Nach langen Vorarbeiten schienen sich die Tarifpartner (Konkordat der Krankenversicherer, FMH, Spitäler und Sozialversicherungen) auf ein einheitliches Tarifssystem (TarMed 01) zur Abgeltung der ärztlichen Leistungen einigen zu können, obgleich innerhalb der FMH nach wie vor starke Querelen in Gang waren. Insbesondere die Untervereinigung der invasis und operativ tätigen Ärzteschaft (FMS) befürchtete massive Einkommenseinbussen, da die Tarifrevision einerseits die diagnostische und beratende Funktion der Ärzte aufwerten, andererseits kostenneutral ausgestaltet sein soll. Die FMH zögerte deshalb ihre definitive Zustimmung zu den Detailbestimmungen immer wieder hinaus. Im Mai stimmte sie dem TarMed für den Bereich der obligatorischen Unfall-, Militär- und Invalidenversicherung zwar zu, verlangte aber für den Krankheitsbereich, der rund 95% aller Ausgaben betrifft, Zusatzverhandlungen. Am 30. August, dem allerletzten vom EDI fixierten Termin, unterschrieb die FMH das Vertragswerk. Das EDI bekundete wenig Begeisterung, da seiner Meinung nach die Frage der Kostenneutralität nur ungenügend transparent gemacht worden sei. Im Dezember stimmte auch die Ärztekammer grundsätzlich zu, beschloss aber, in den ersten Monaten von 2002 eine Urabstimmung unter den knapp 30'000 FMH-Mitgliedern durchzuführen. Die FMS drohte mit Austritt aus der Verbindung.

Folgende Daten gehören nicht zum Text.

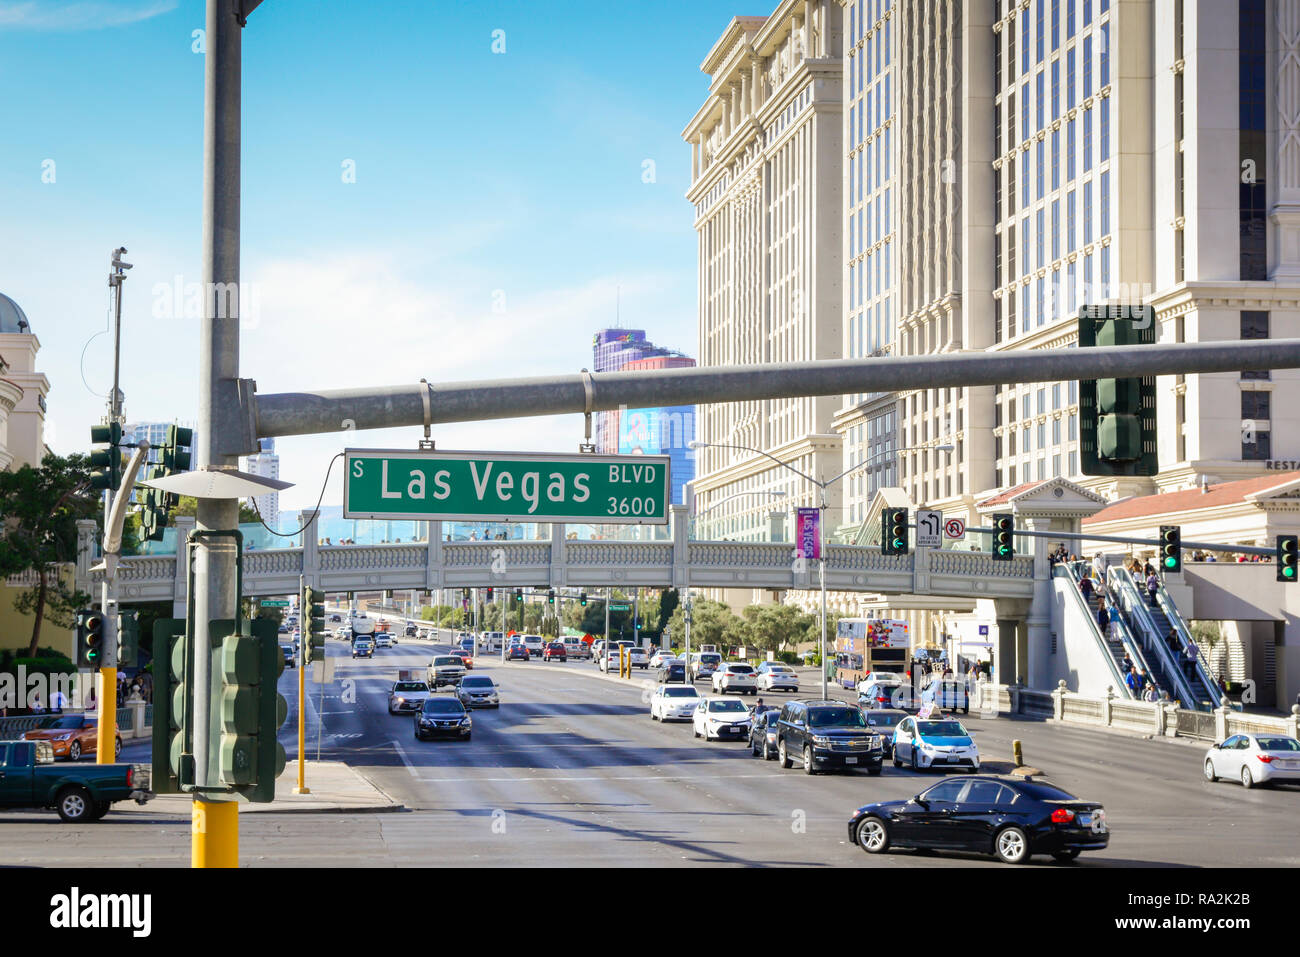 Plaque de rue pour Las Vegas Blvd, connu sous le nom de Las Vegas Strip, à Las  Vegas, NV avec hôtels et casinos le long de la bande le long de passerelles

In Beantwortung einer Einfachen Anfrage Berberat (sp, NE) (01.1035) bekräftigte der Bundesrat erneut seine Entschlossenheit, im Fall eines Scheiterns von TarMed von Amtes wegen eine Tarifstruktur zu verordnen.

Schaffung des TARMED
Dossier: Tarifstrukturen im Gesundheitswesen

Nach dem Nationalrat lehnte auch die kleine Kammer die 1997 eingereichte Volksinitiative „Für eine freie Arzt- und Spitalwahl“, die eine uneingeschränkte Wahl des Leistungserbringers für die Kranken- und Unfallversicherten in der ganzen Schweiz verlangte, mit 28 zu 0 Stimmen klar ab. Da mit der 2. Teilrevision des KVG im Bereich der Spitalfinanzierung ein Hauptanliegen der Initianten (gleich lange Spiesse für öffentliche Spitäler und private Kliniken) weitgehend Berücksichtigung fand, wurde das Begehren im Sommer zurückgezogen.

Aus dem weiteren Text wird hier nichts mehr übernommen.